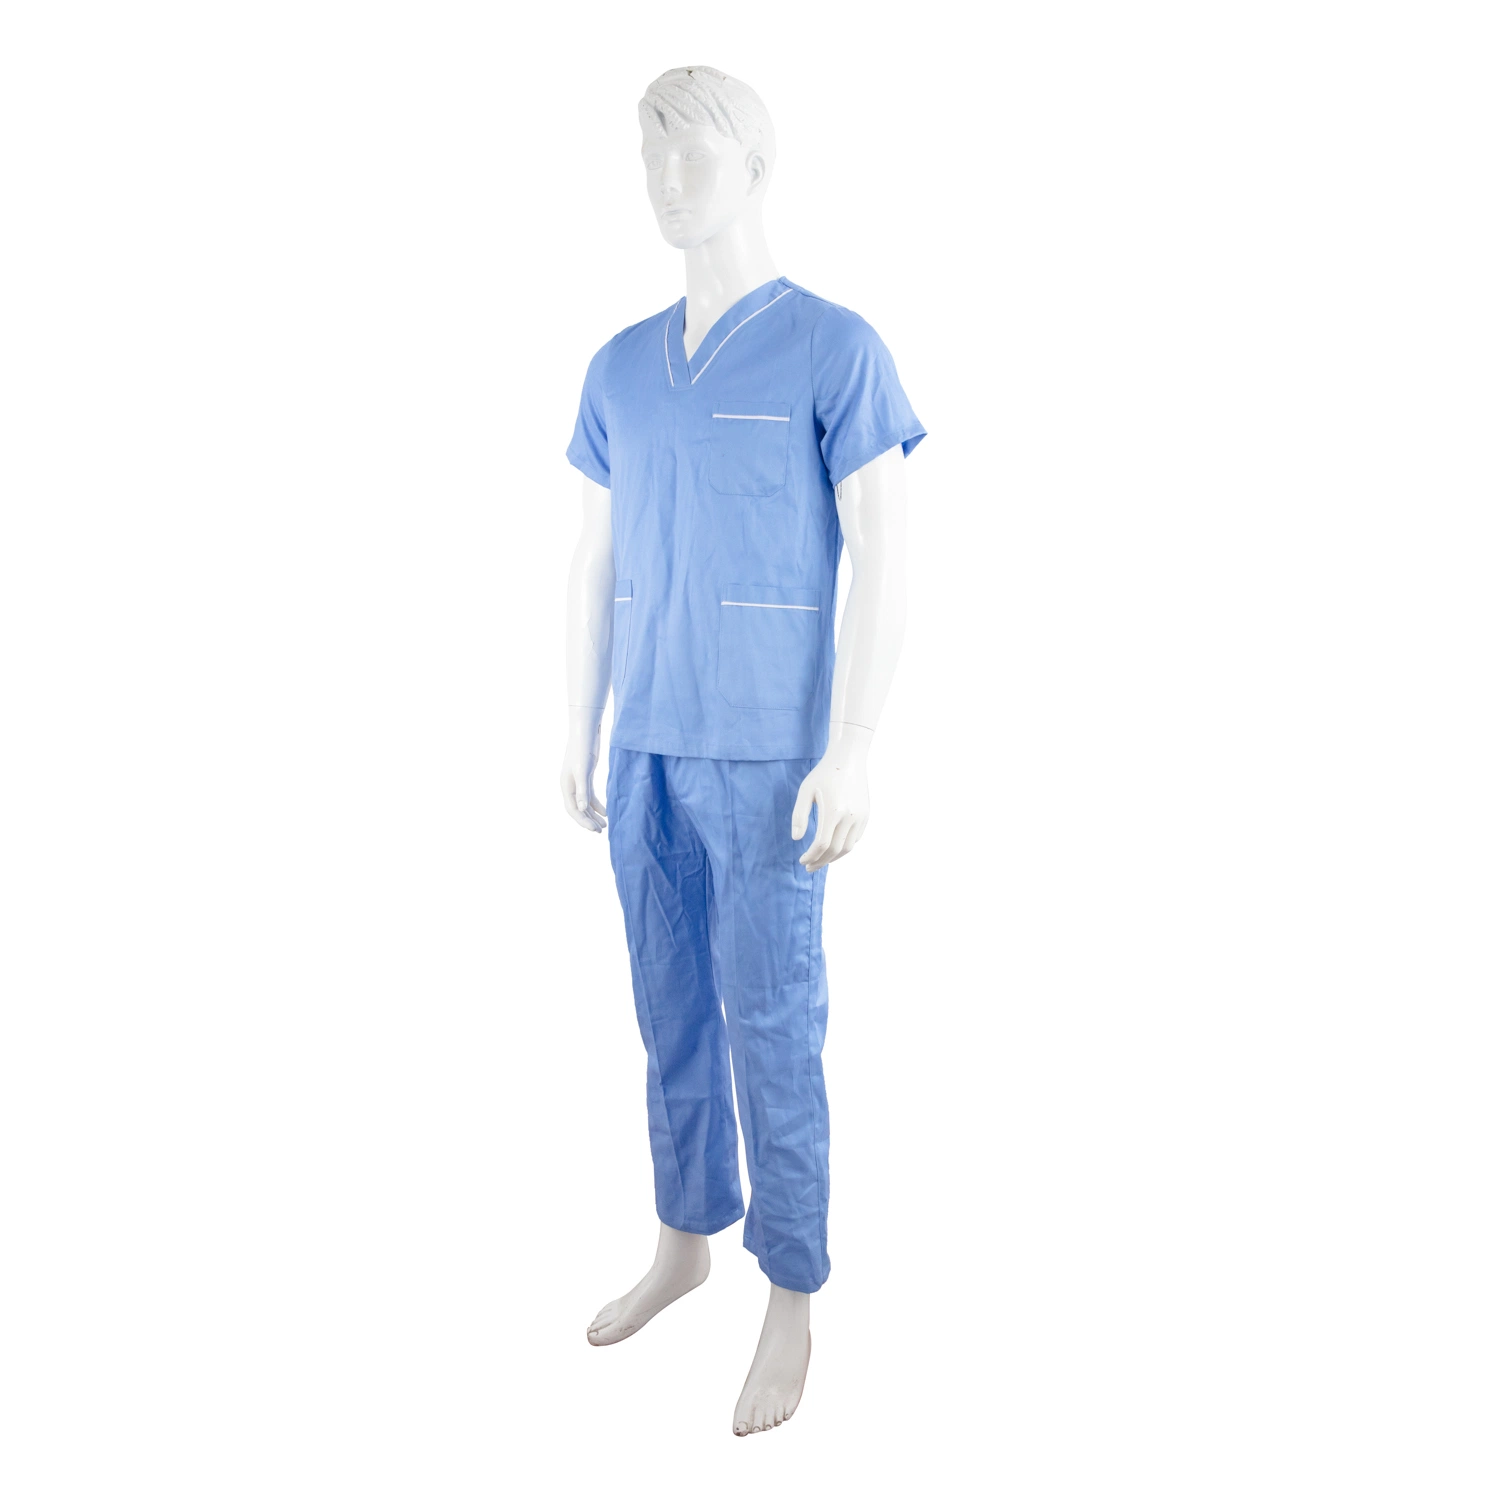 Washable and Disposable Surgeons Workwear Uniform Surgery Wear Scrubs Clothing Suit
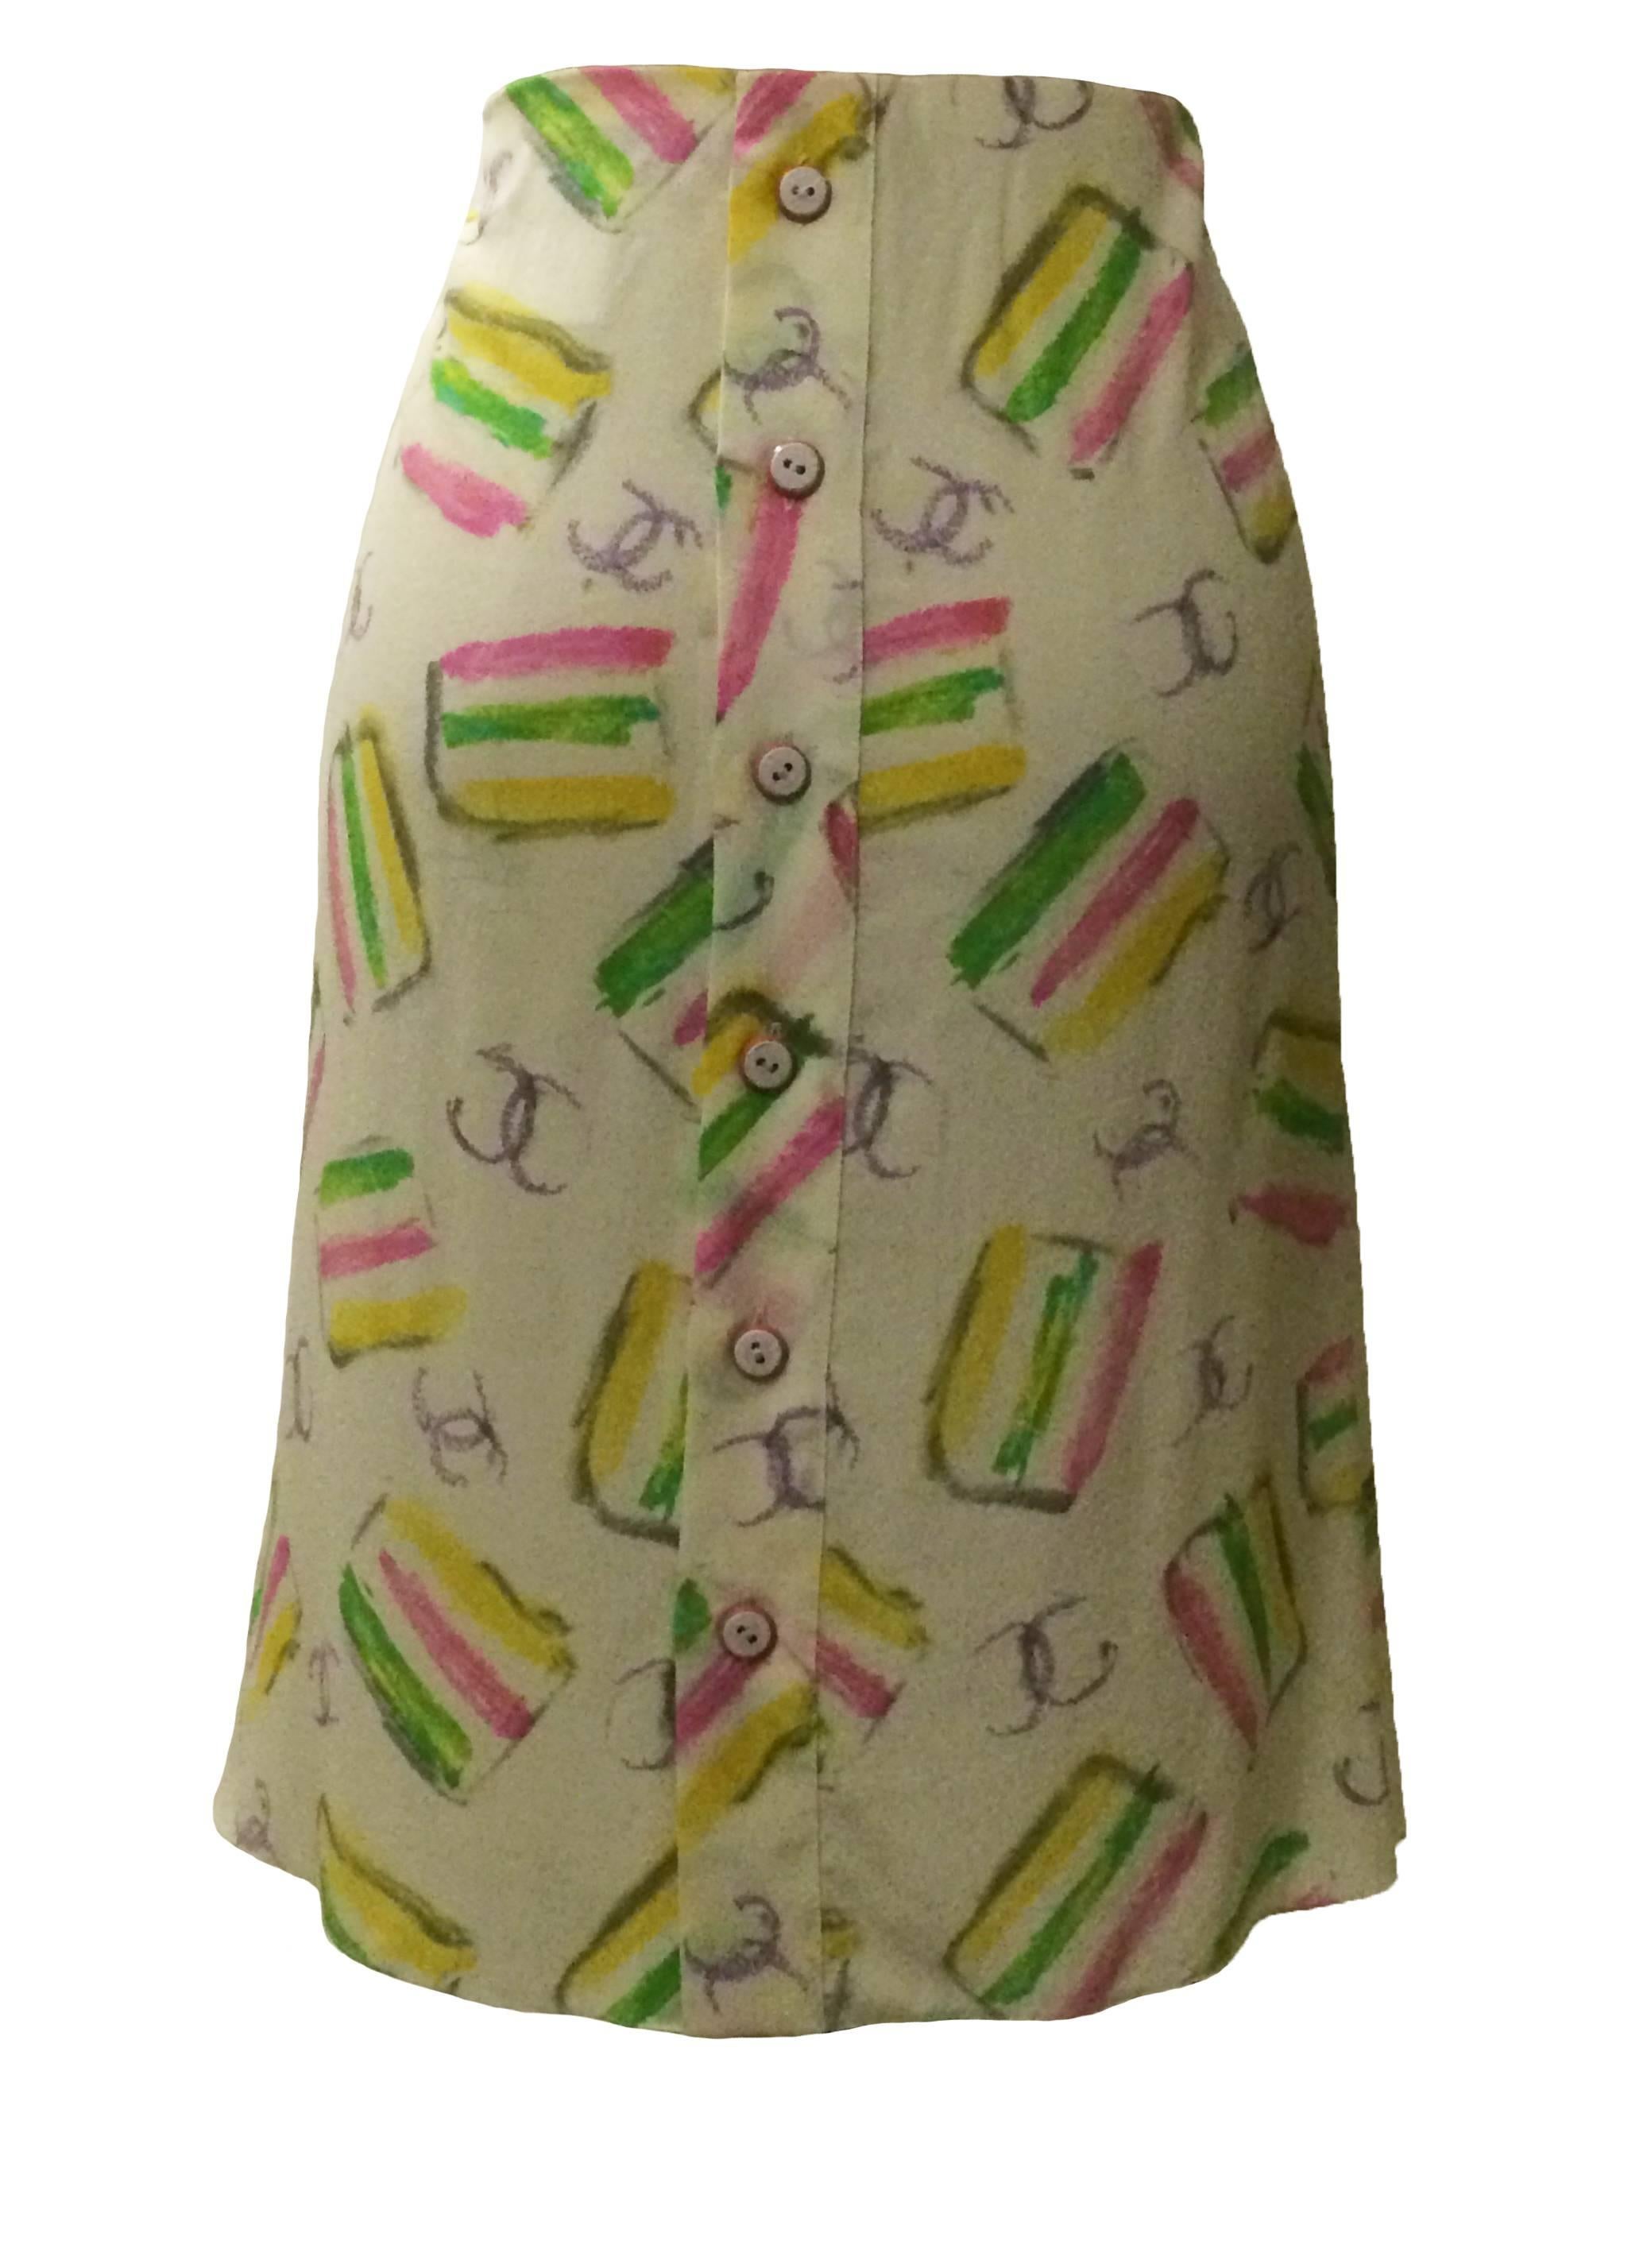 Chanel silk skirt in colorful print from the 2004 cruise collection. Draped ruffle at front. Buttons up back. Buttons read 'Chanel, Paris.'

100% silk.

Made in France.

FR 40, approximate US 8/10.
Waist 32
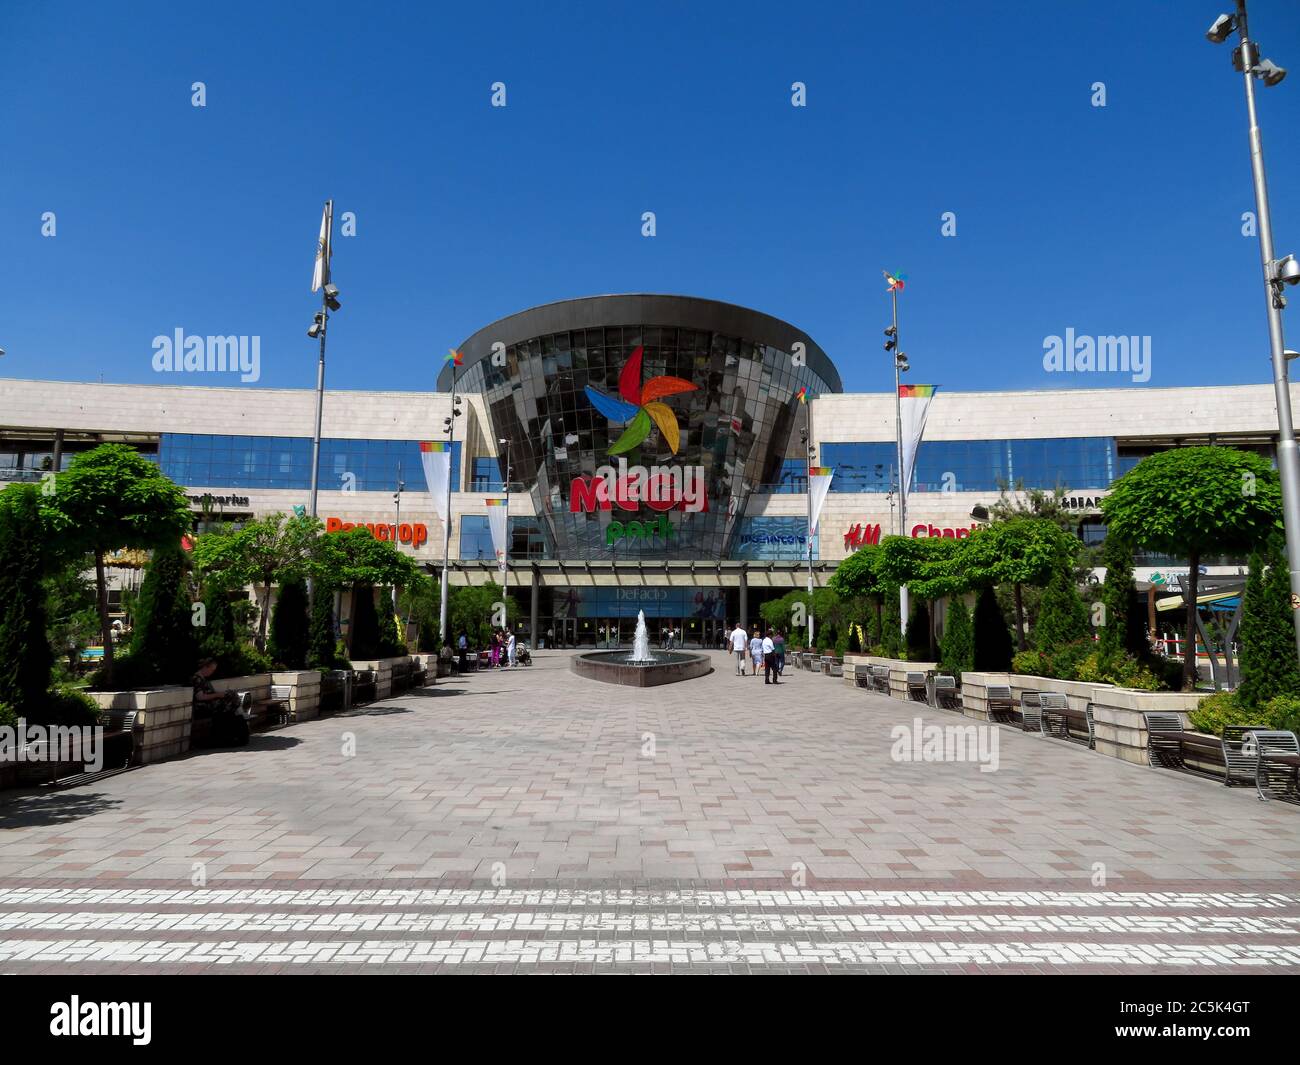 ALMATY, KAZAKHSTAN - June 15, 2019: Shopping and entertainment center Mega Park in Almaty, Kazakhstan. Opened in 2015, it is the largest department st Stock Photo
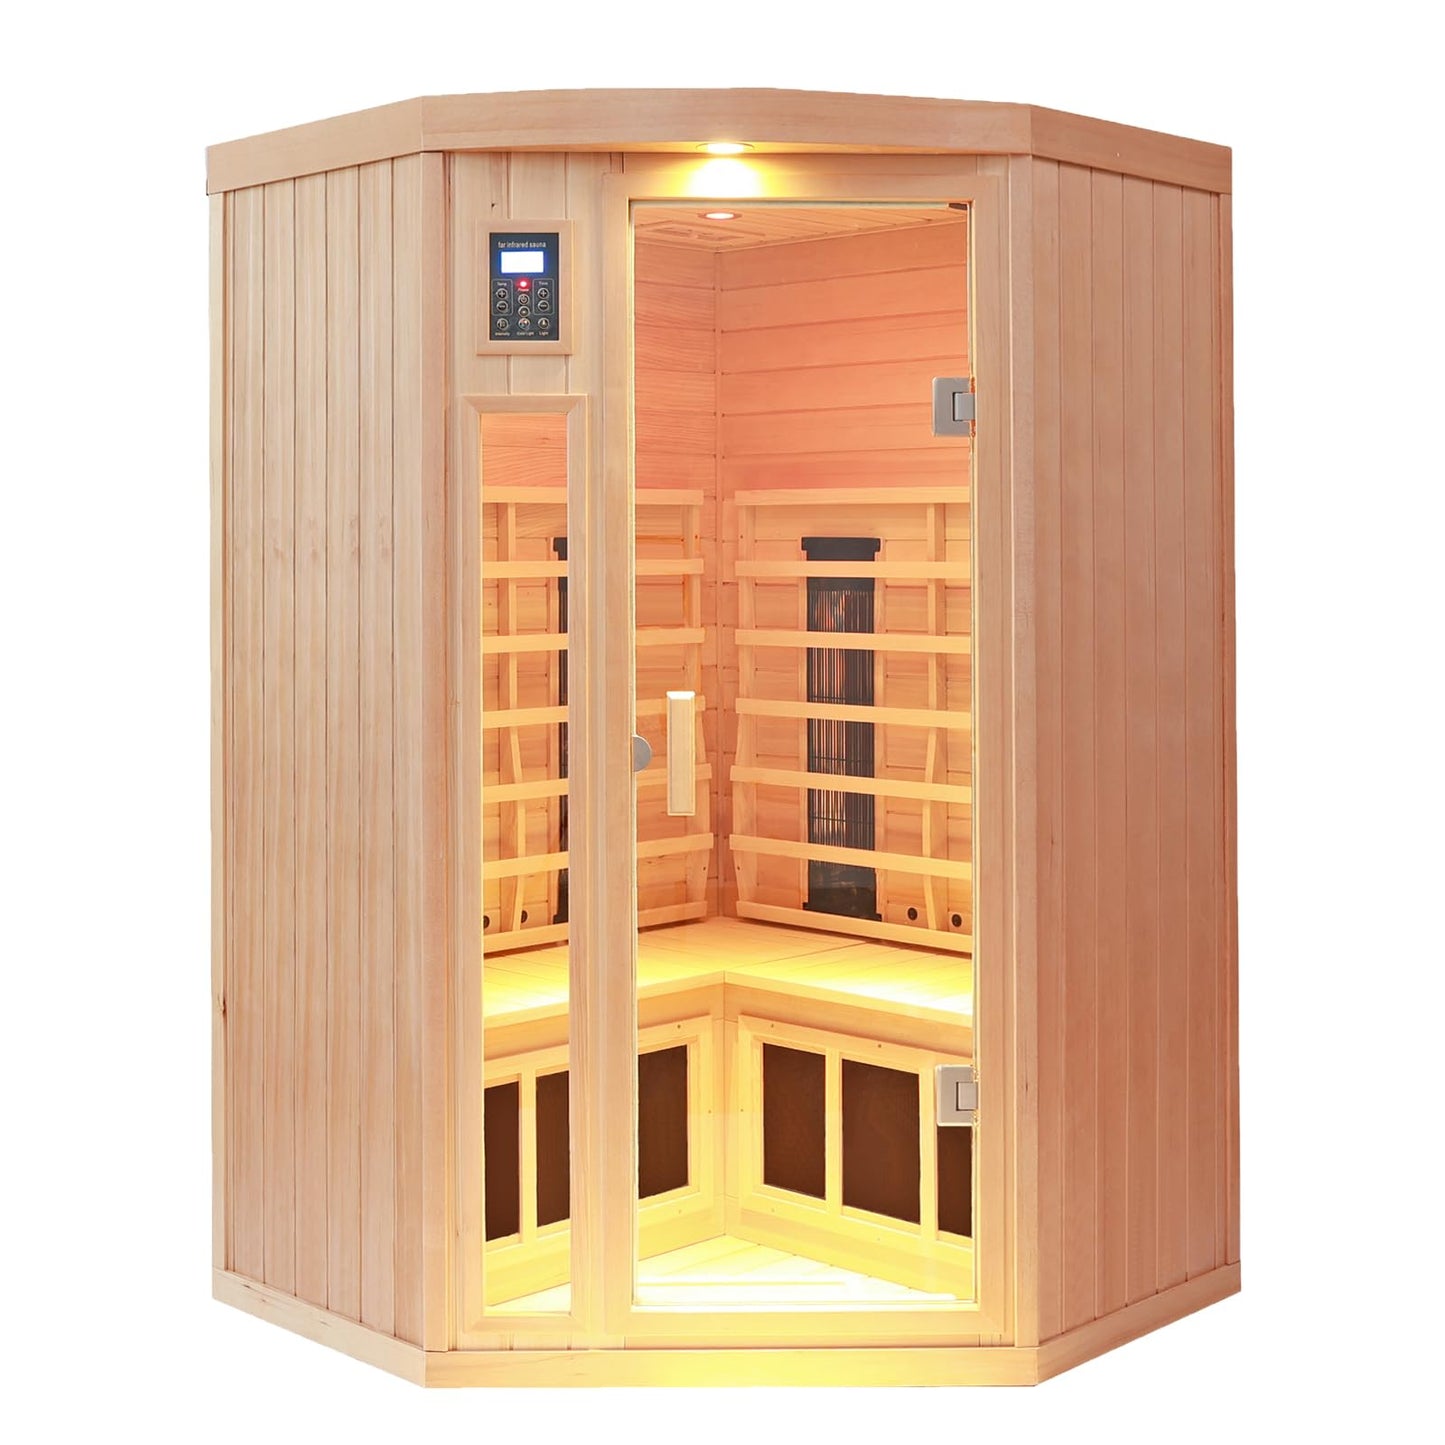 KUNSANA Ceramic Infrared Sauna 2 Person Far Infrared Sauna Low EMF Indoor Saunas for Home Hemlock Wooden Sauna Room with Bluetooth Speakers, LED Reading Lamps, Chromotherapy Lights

- What is required:
Each record must be repeated verbatim, and no picture may appear in the copy.

- Answer box:
 Washable and Disposable Surgeons Workwear Uniform Surgery Wear Scrubs Clothing Suit
 Chanel silk skirt in colorful print from the 2004 cruise collection. Draped ruffle at front. Buttons up back. Buttons read 'Chanel, Paris.'

100% silk.

Made in France.

FR 40, approximate US 8/10.
Waist 32
 ALMATY, KAZAKHSTAN - June 15, 2019: Shopping and entertainment center Mega Park in Almaty, Kazakhstan. Opened in 2015, it is the largest department st Stock Photo
 KUNSANA Ceramic Infrared Sauna 2 Person Far Infrared Sauna Low EMF Indoor Saunas for Home Hemlock Wooden Sauna Room with Bluetooth Speakers, LED Reading Lamps, Chromotherapy Lights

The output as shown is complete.